Tools that rely on manifest files to determine package ecosystem (such as software composition analysis tools, vulnerability scanners, and SBOM generators) detect the package.json and incorrectly classify bats-file as an npm package. As a result, it gets matched against npm advisories—specifically, the malicious npm package bats-file (MAL-2022-1471) listed in the OSV database.
This leads to false malware/vulnerability detections in environments where Helm plugins or other tools indirectly reference this repository.
Impact
Security scanners misidentify bats-file as an npm dependency.
It is incorrectly associated with the malicious npm package of the same name.
Produces false-positive malware alerts during CI/CD and container scanning.
Downstream tools (e.g., Helm Secrets plugin) trigger alerts simply by referencing this repo.
Why This Happens
The repository includes a package.json, but:
It is not published to npm.
It is not used for JavaScript packaging.
The project itself is shell-based and relies on Bats.

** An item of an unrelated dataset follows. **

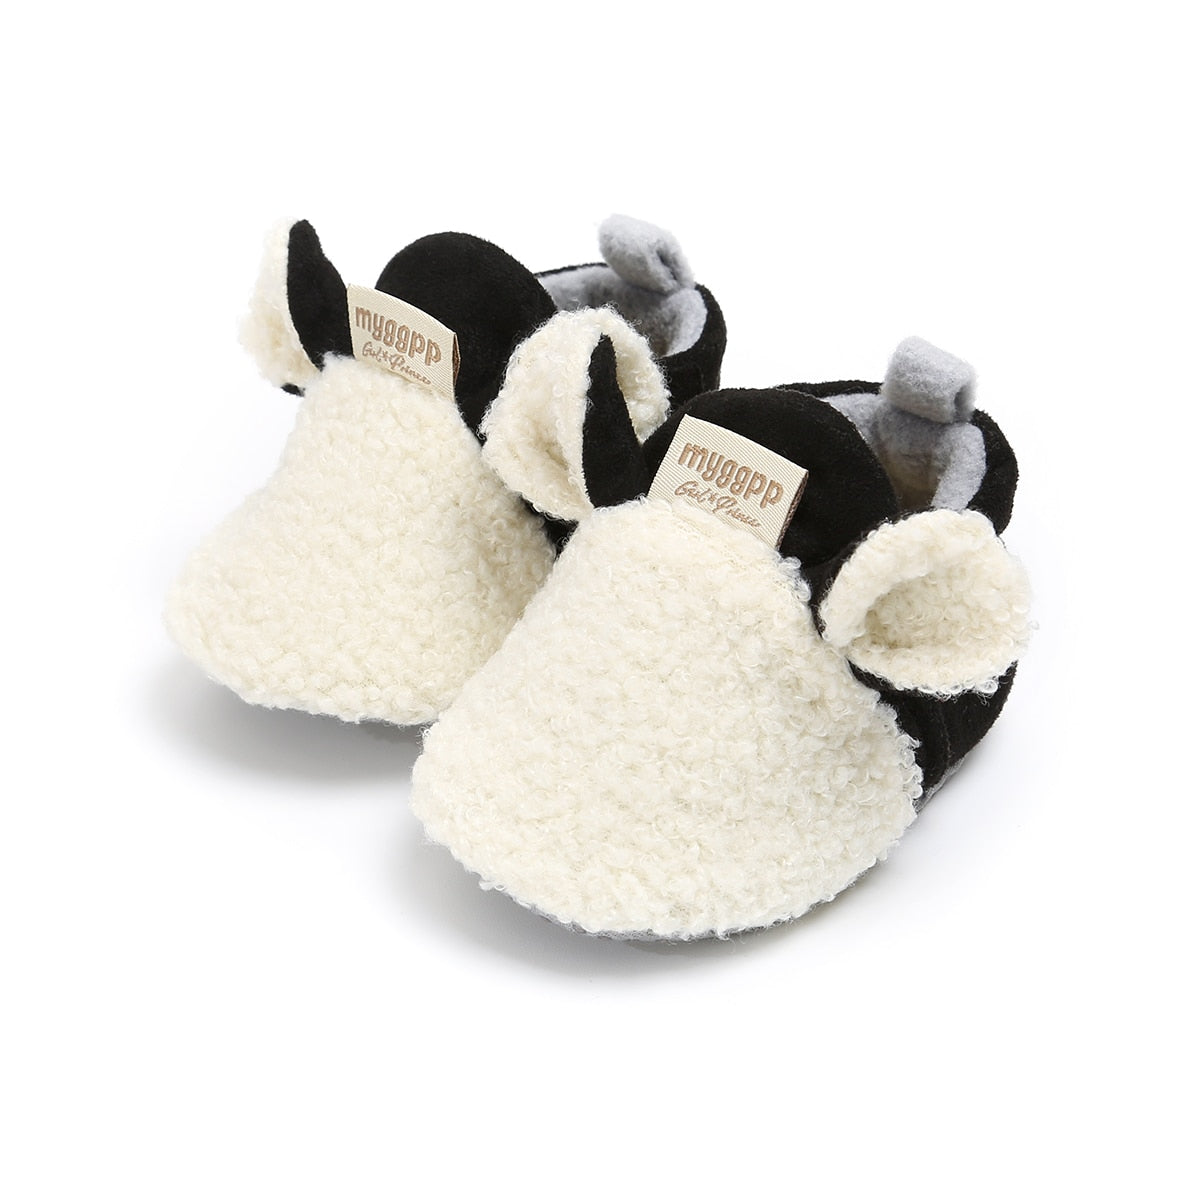 Sapato Bichinhos Fofos Sapato Loja Click Certo Branco 0-6 Meses 11cm

Presence of package.json alone is enough for scanners to treat the repo as an npm package and apply package-based vulnerability matching.
Suggested Fix
One of the following could help prevent misclassification:
Remove the package.json if it is not required.
Replace it with a non-package metadata file (e.g., bats-file.json or .bats-plugin).
Request
Please consider removing or renaming the package.json to avoid downstream tooling confusion and false malware detections.